**DATA PROVIDED**
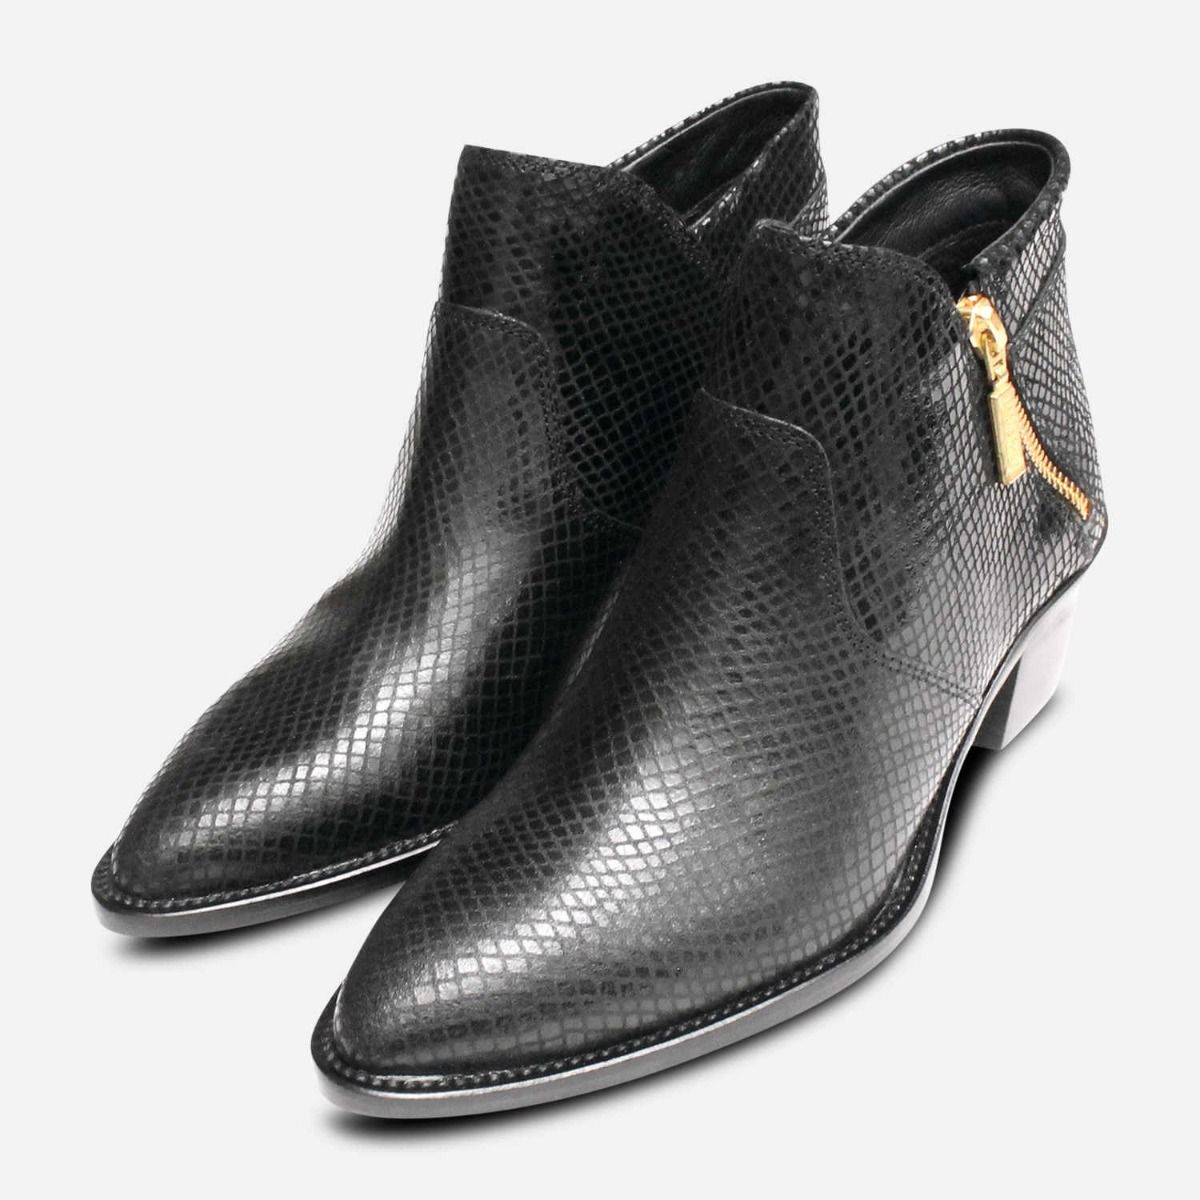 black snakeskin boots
---
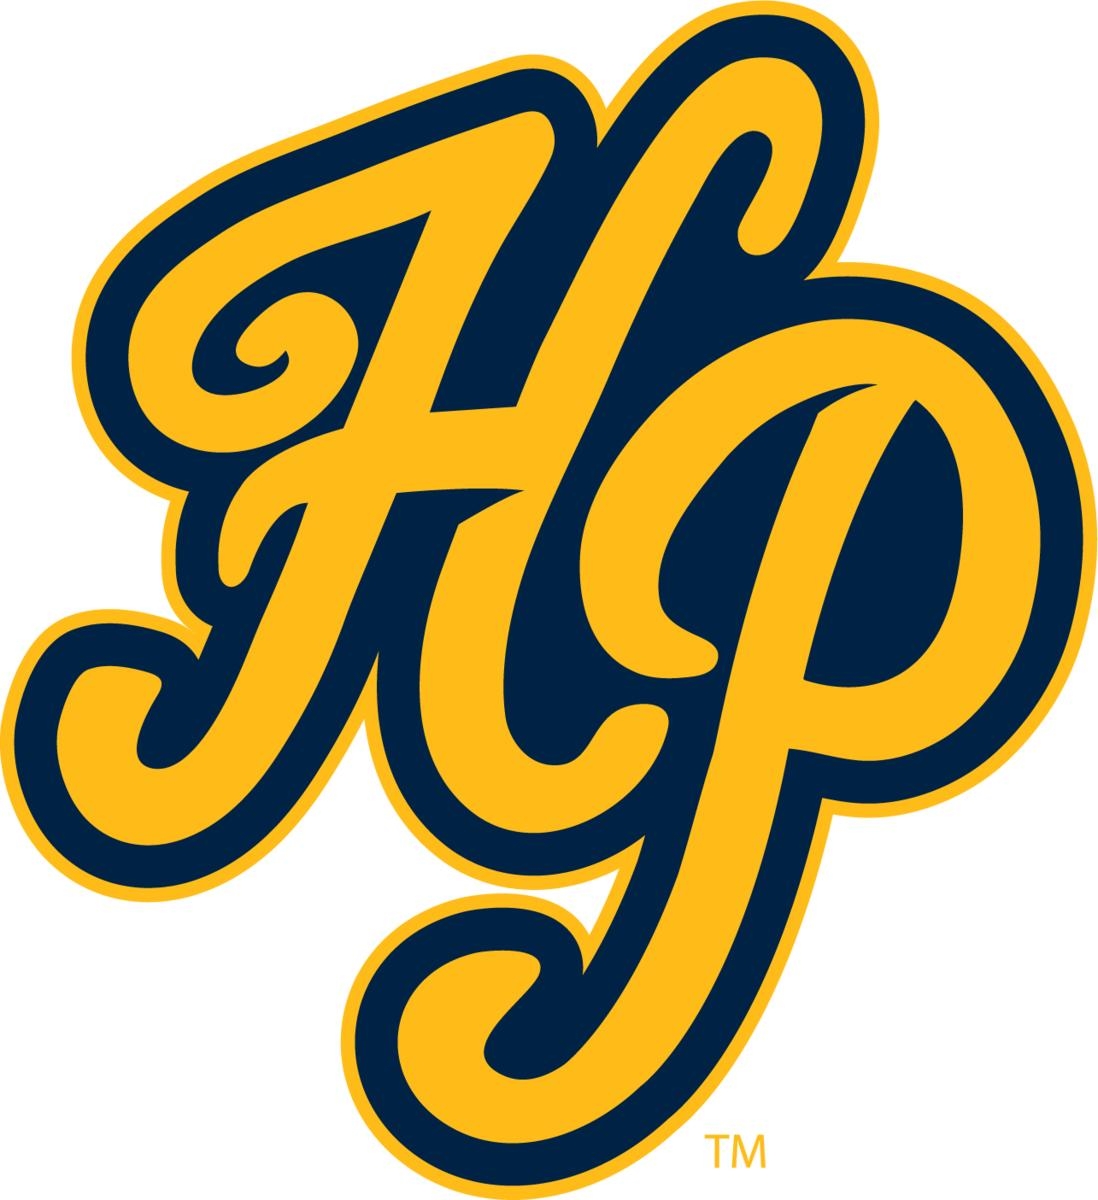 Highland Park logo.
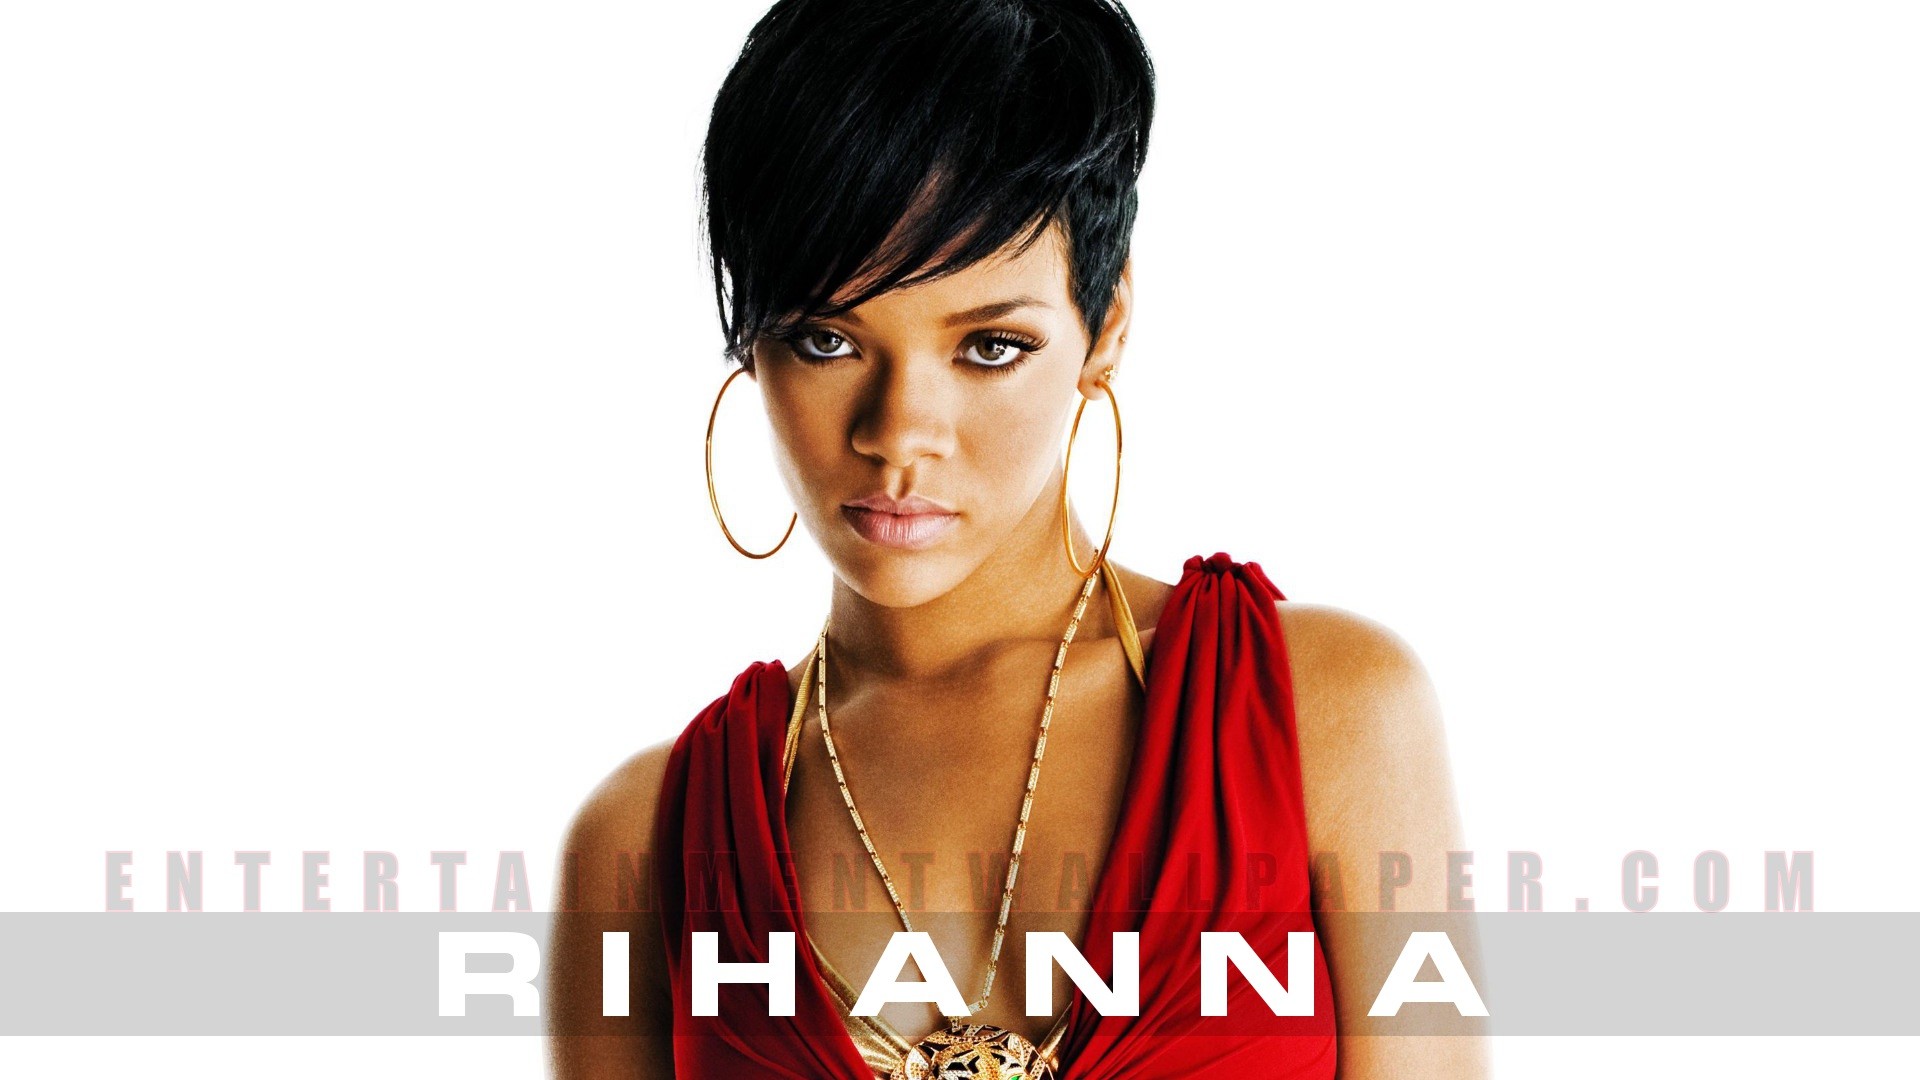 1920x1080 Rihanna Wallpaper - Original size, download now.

**TASK DESCRIPTION**
Although the records above contain pictures, the copy should not; retype exactly the lines from the one containing "Highland Park logo." through the one containing "1920x1080 Rihanna Wallpaper".

**RESPONSE**
 Highland Park logo.
 1920x1080 Rihanna Wallpaper - Original size, download now.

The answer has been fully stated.